Hij staat niet op de kaptafel waarin, zelfs na al die tijd, nog steeds de juwelen en parfums van mijn moeder liggen, glinsterende flesjes die gaan van Avon tot Armani. De juwelen zijn al net zo divers, maar het gros ervan is namaak, kitscherige prullaria met een glimmend laagje erover. Mijn moeder droeg geen sieraden op de foto, zelfs geen ring, aangezien zij en mijn vader destijds nog niet getrouwd waren maar simpelweg jonge, onverschrokken geliefden die, zoals mijn moeder dat altijd zei, niets hoefden te bewijzen. Er staan andere foto’s van haar op de kaptafel. Een van toen ze nog een kind was, stijf tussen haar – reeds lang overleden – ouders in. Foto’s van haar op mijn diploma-uitreiking van de middelbare school, op de vijftigste verjaardag van mijn vader, en mijn favoriete, die waarop ze plukt aan het pluizige witte broekje van mijn babyzusje en mijn vader precies afdrukt wanneer Udoma een zoentje op mams kruin geeft. Udoma. Ik hoor de voordeur opengaan en ze roept het voor haar zo kenmerkende, opgewekte Lucy-ik-ben-thuis! en ik haast me om haar te waarschuwen voor het te laat is.

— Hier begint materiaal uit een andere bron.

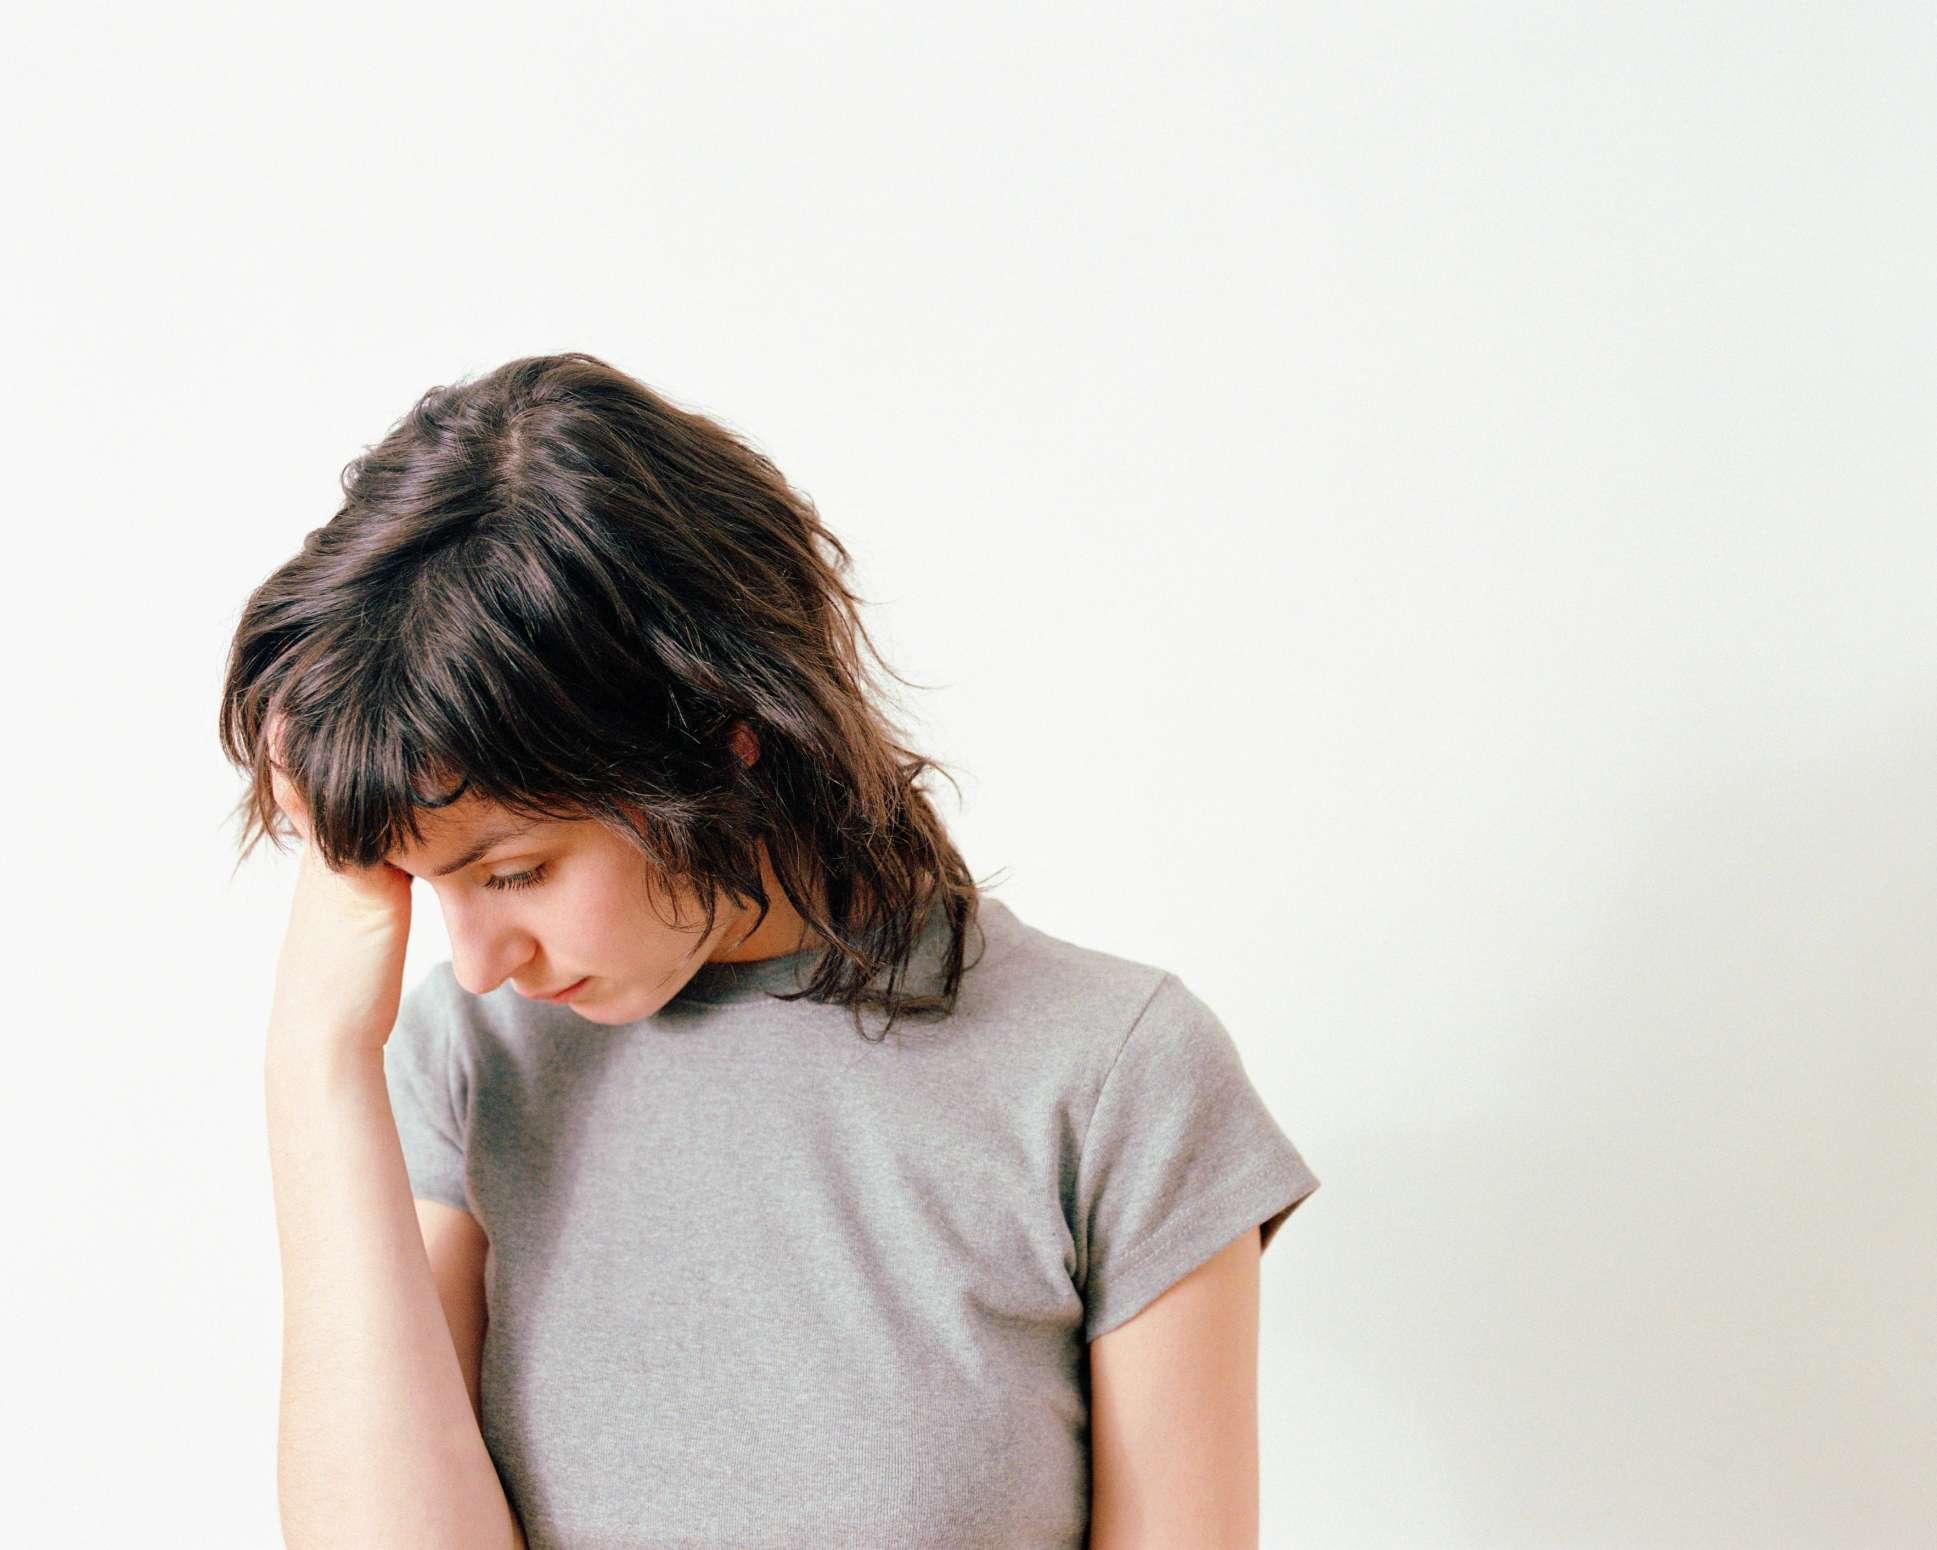 Vidente ensina a lidar com culpa e autocrítica no dia a dia

Wanneer Udoma binnenkomt blijft ze een ogenblik aan de grond genageld staan en mijn vader spreidt zijn armen van ta-da! en zij doet wat ik had moeten doen toen ik voor het eerst mijn moeder weer zag: ze rent op haar af en drukt haar zo stevig tegen zich aan dat het een wonder is dat mam kan ademen; haar gesnik doet hen allebei schudden.